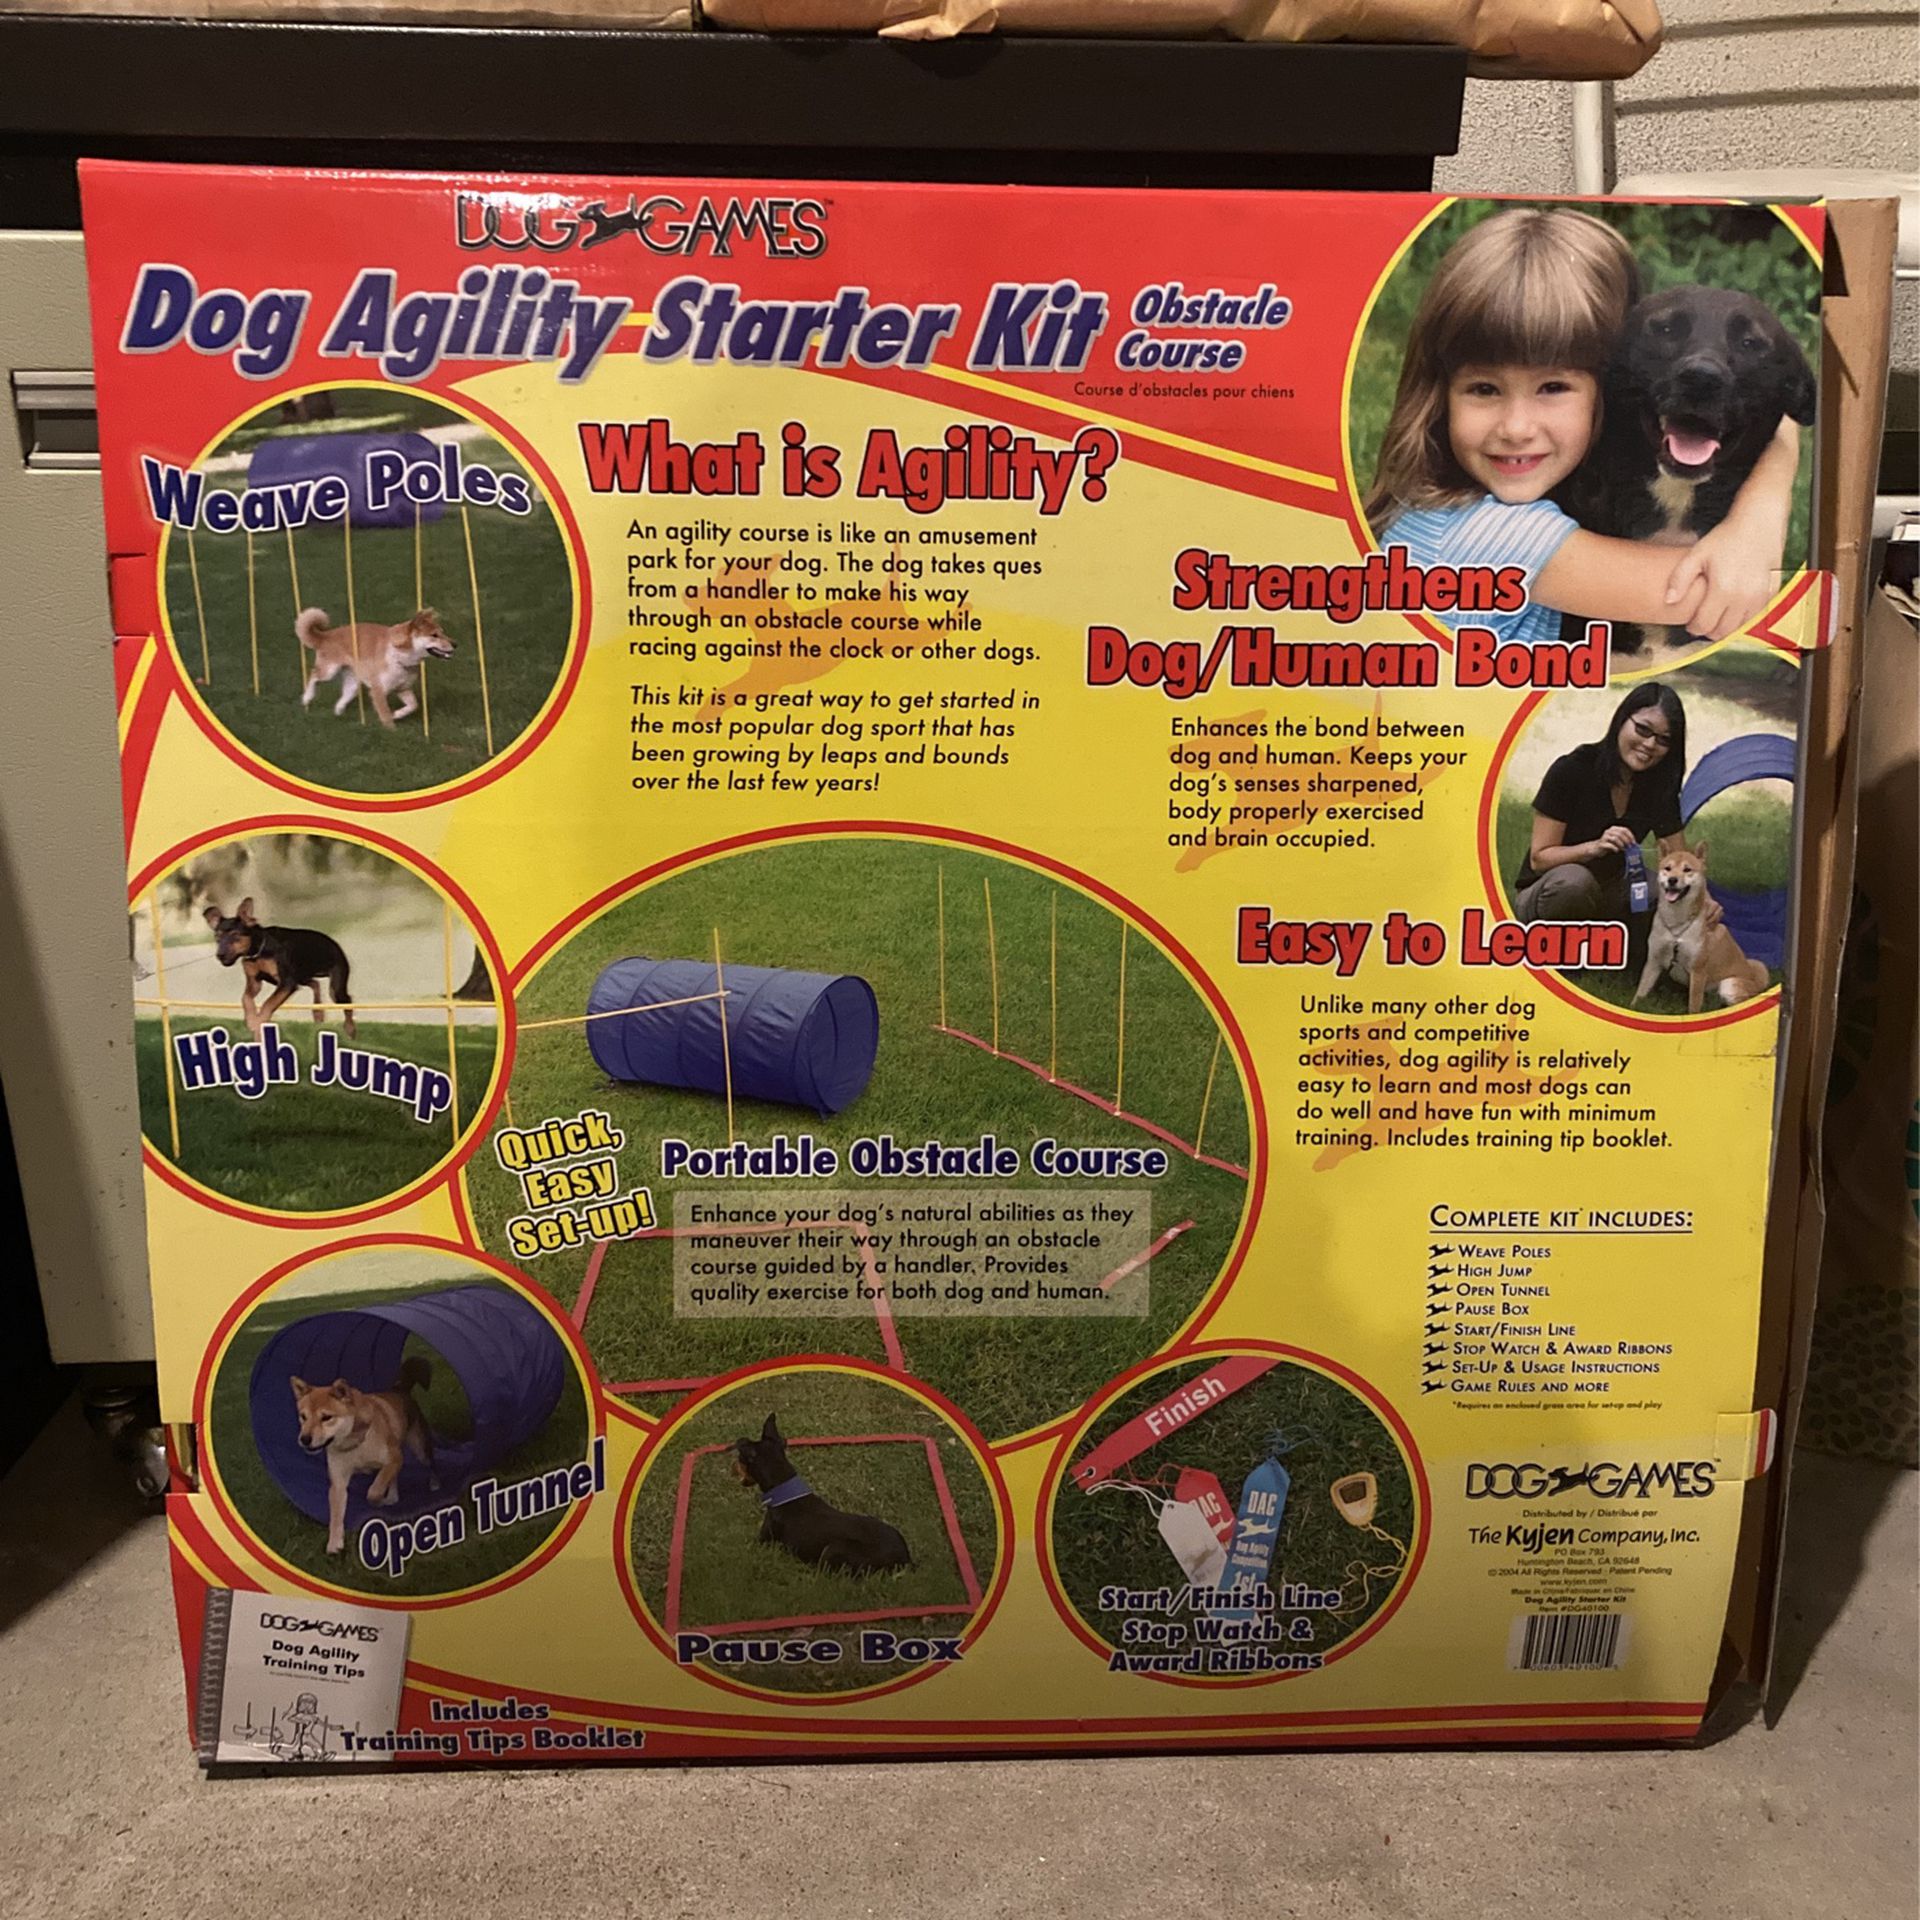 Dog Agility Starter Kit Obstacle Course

------------------------------------

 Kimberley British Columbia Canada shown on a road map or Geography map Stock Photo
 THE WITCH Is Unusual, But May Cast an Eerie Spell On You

------------------------------------

Work required:
Every line above from the line with "Kimberley British Columbia" to the line with "THE WITCH Is", inclusive, must be returned exactly; no other line belongs in the reply.

Result of this task:
 Kimberley British Columbia Canada shown on a road map or Geography map Stock Photo
 THE WITCH Is Unusual, But May Cast an Eerie Spell On You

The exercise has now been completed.